▶ **What you need to do**:
Skip every image and restate the data word for word.

▶ **Data shown**:

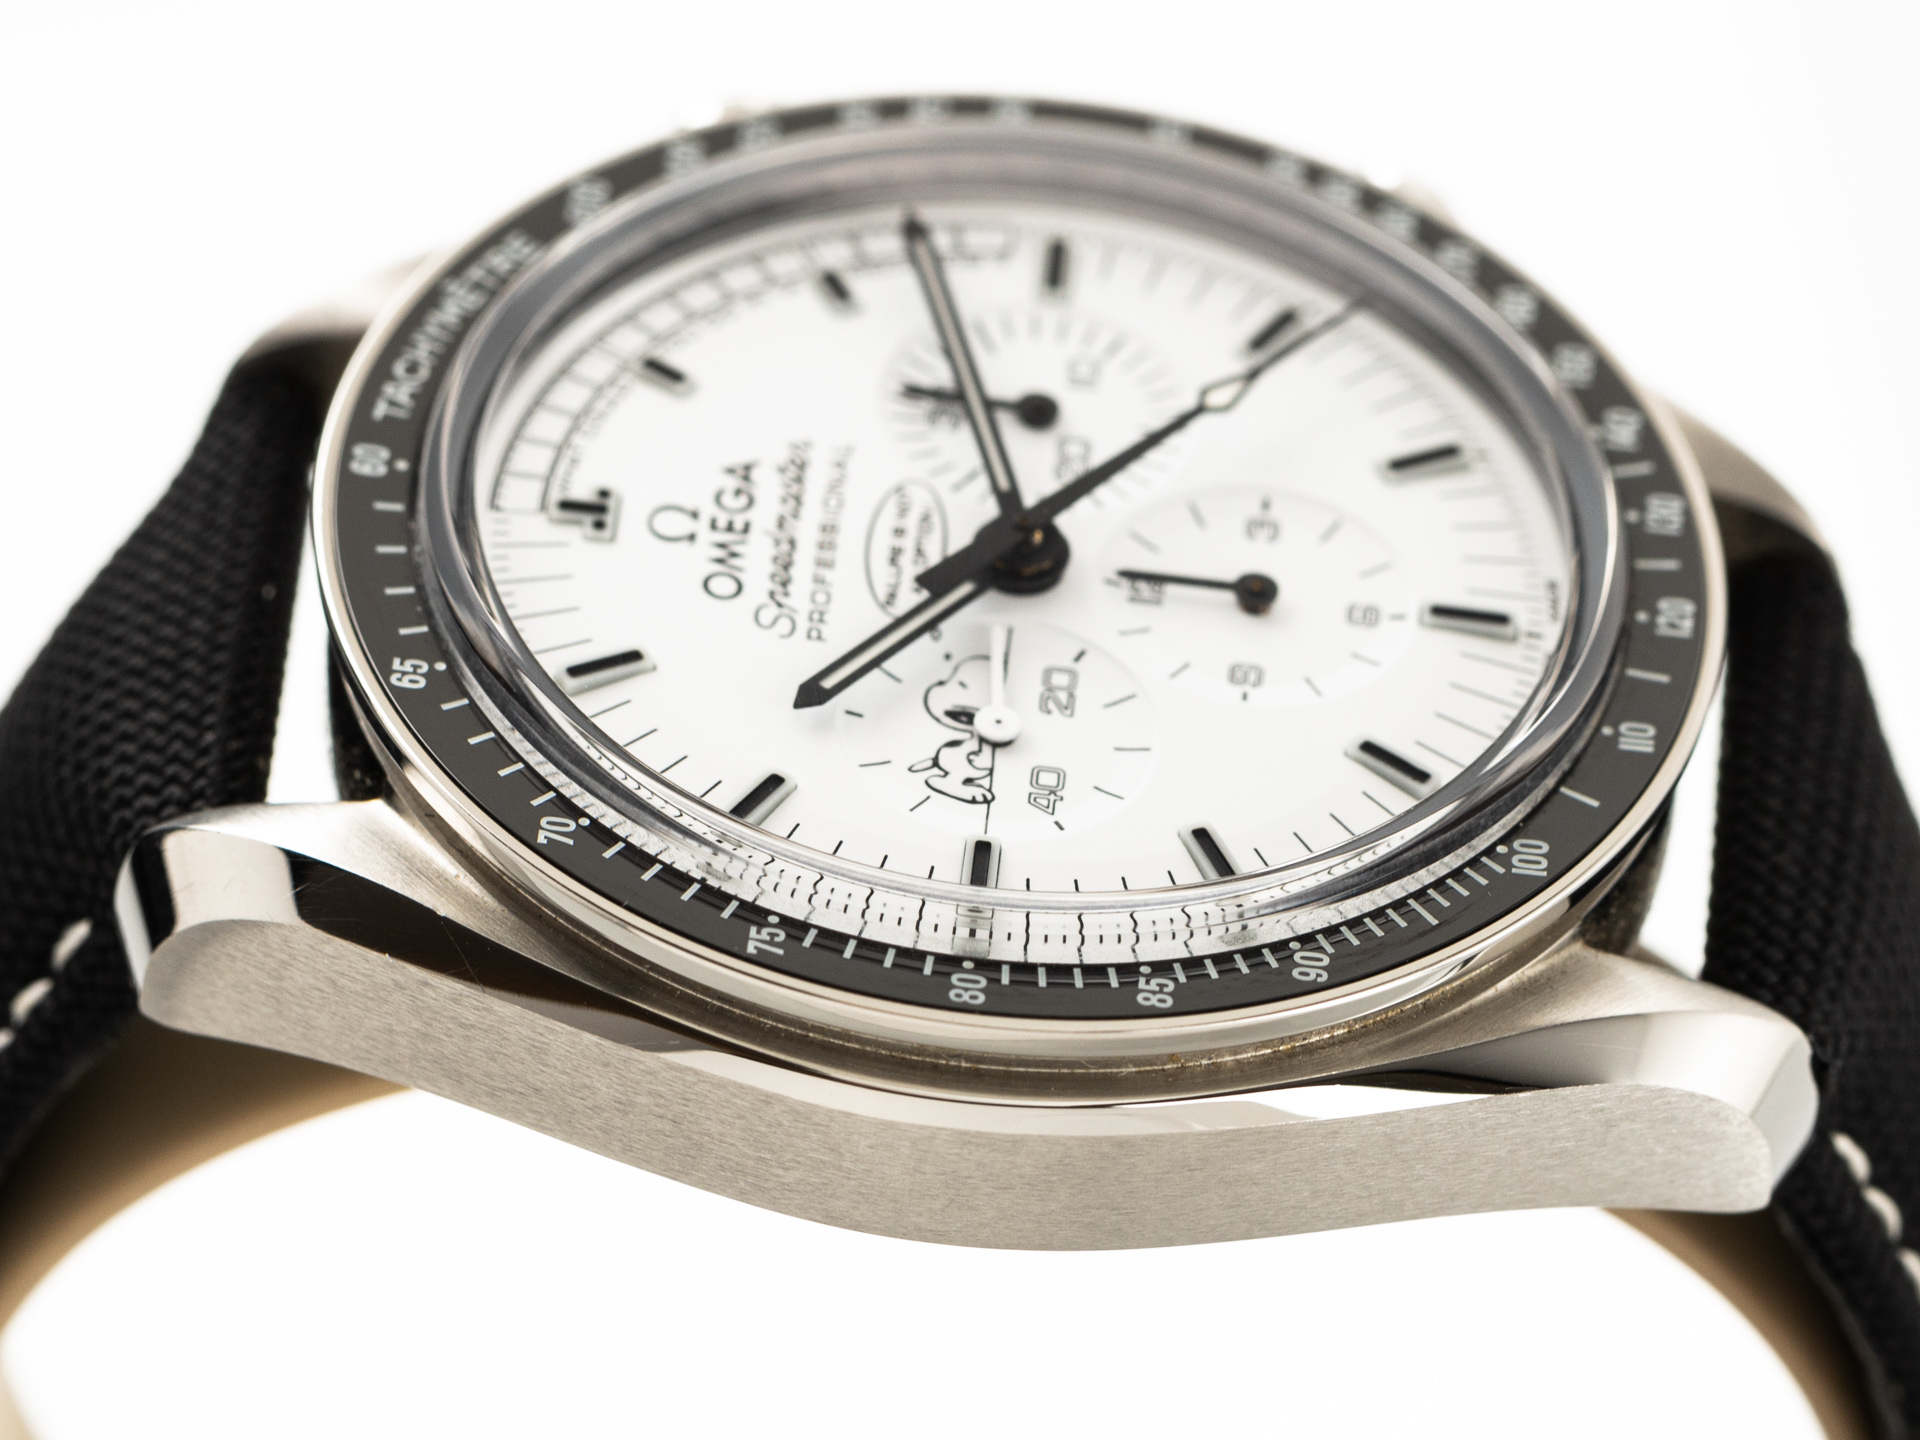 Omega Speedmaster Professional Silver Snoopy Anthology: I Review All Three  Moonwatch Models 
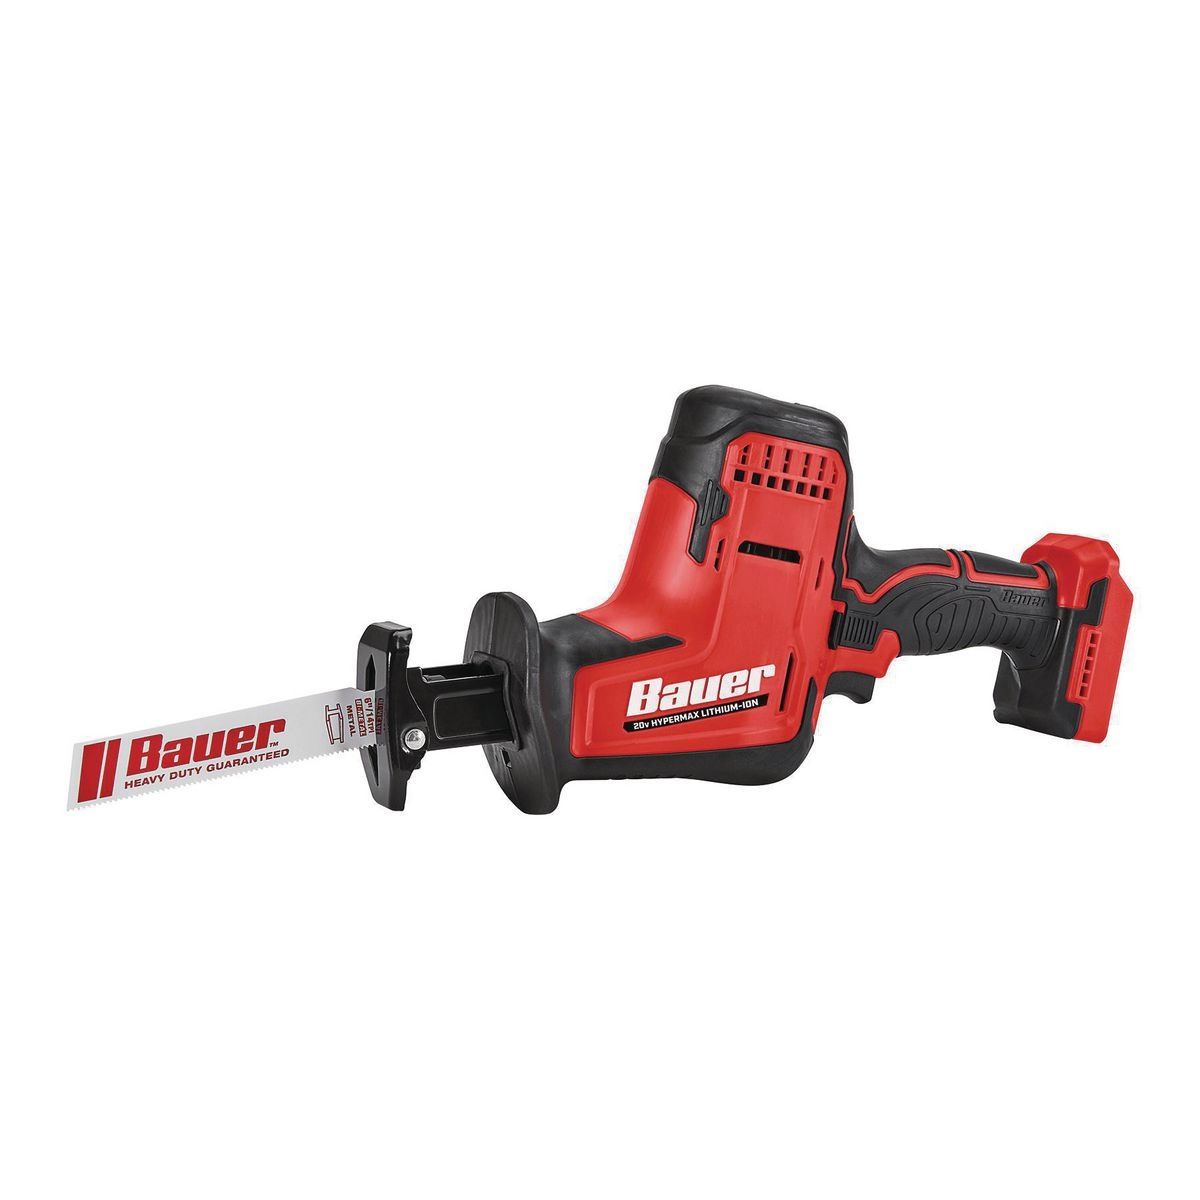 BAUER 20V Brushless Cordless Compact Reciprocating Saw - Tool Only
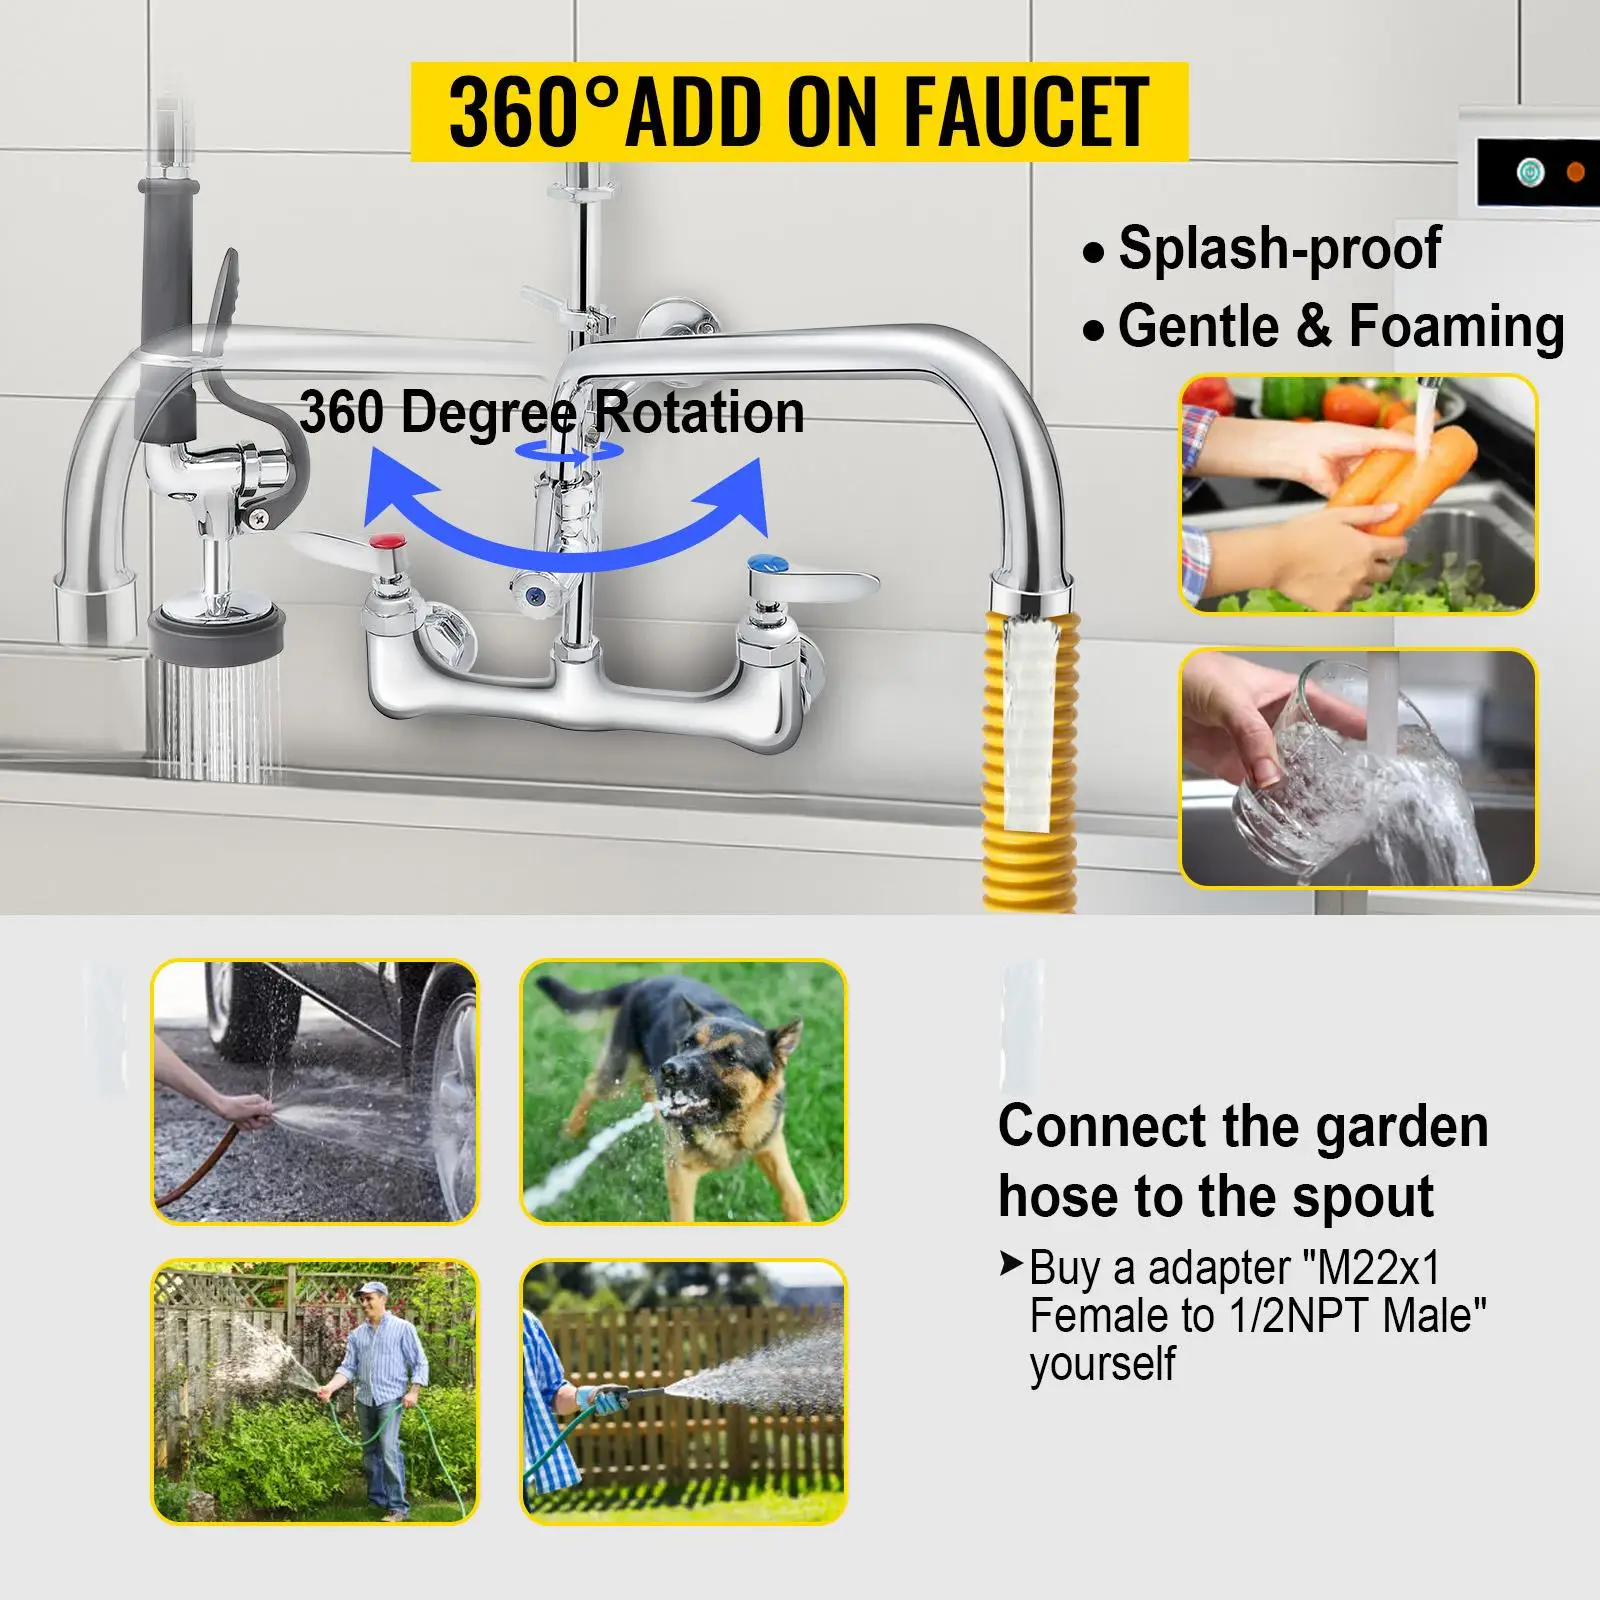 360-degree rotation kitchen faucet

▶ **Answer box**:
 Omega Speedmaster Professional Silver Snoopy Anthology: I Review All Three  Moonwatch Models 
 BAUER 20V Brushless Cordless Compact Reciprocating Saw - Tool Only
 360-degree rotation kitchen faucet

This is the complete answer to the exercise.